* [Working data]
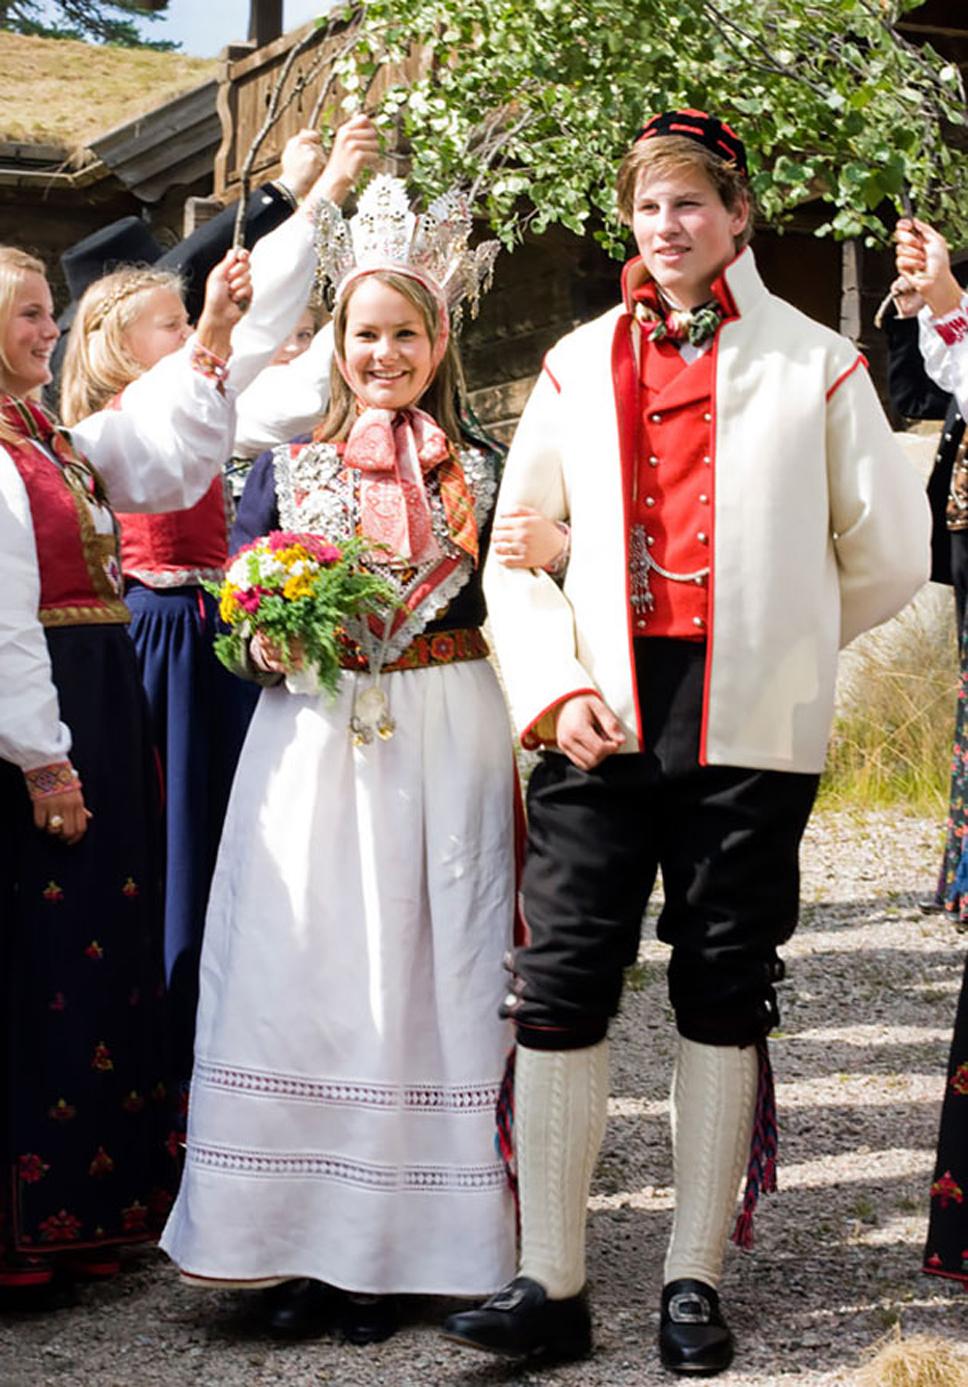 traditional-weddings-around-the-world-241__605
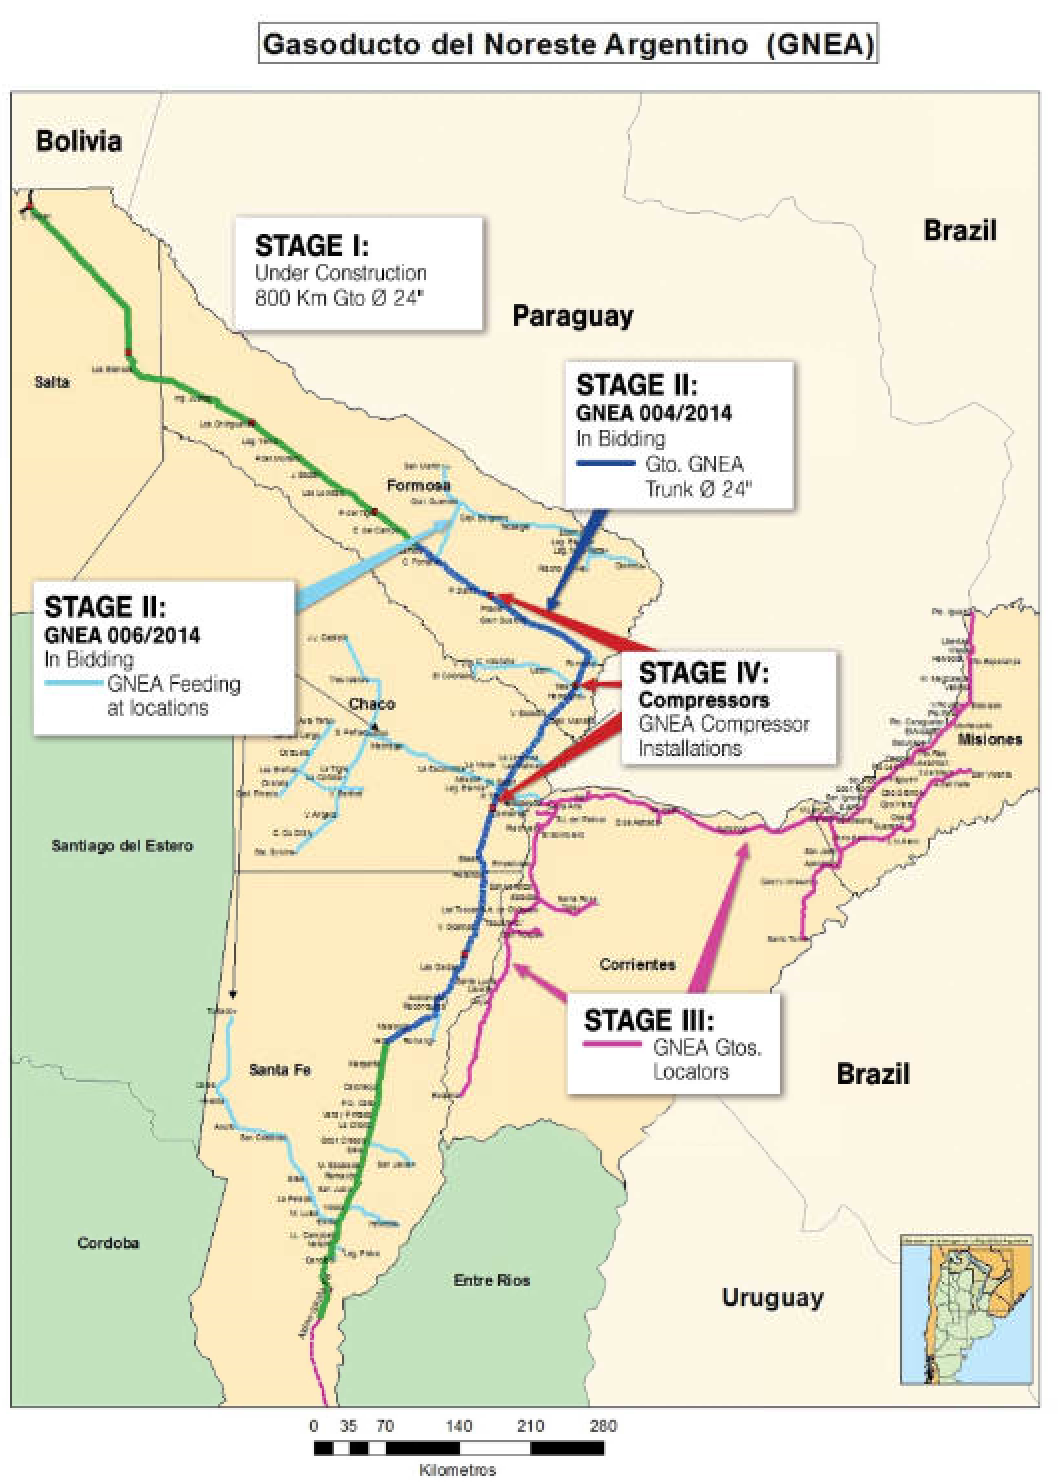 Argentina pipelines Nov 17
---
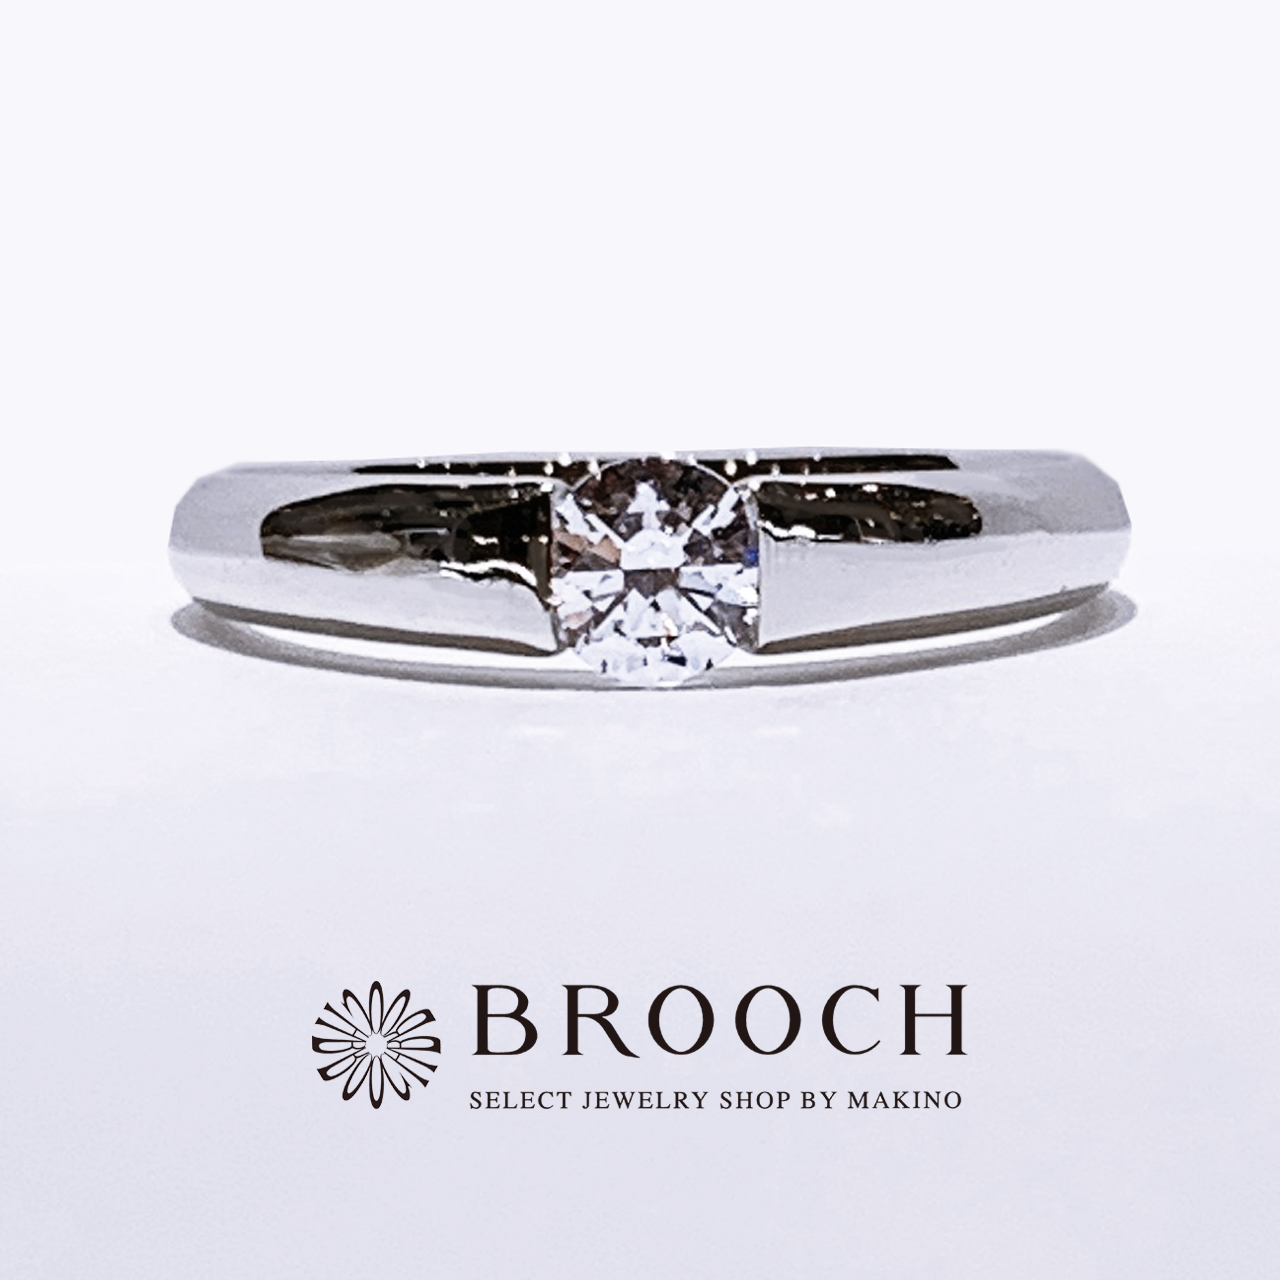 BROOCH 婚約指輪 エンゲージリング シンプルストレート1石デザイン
---
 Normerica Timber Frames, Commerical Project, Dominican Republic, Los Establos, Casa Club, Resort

* [What is required] Restate word for word every line from the one with "traditional-weddings-around-the-world-241__605" up to and including the one with "Argentina pipelines Nov 17" in the records above, minus the pictures.

* [Your solution]
 traditional-weddings-around-the-world-241__605
 Argentina pipelines Nov 17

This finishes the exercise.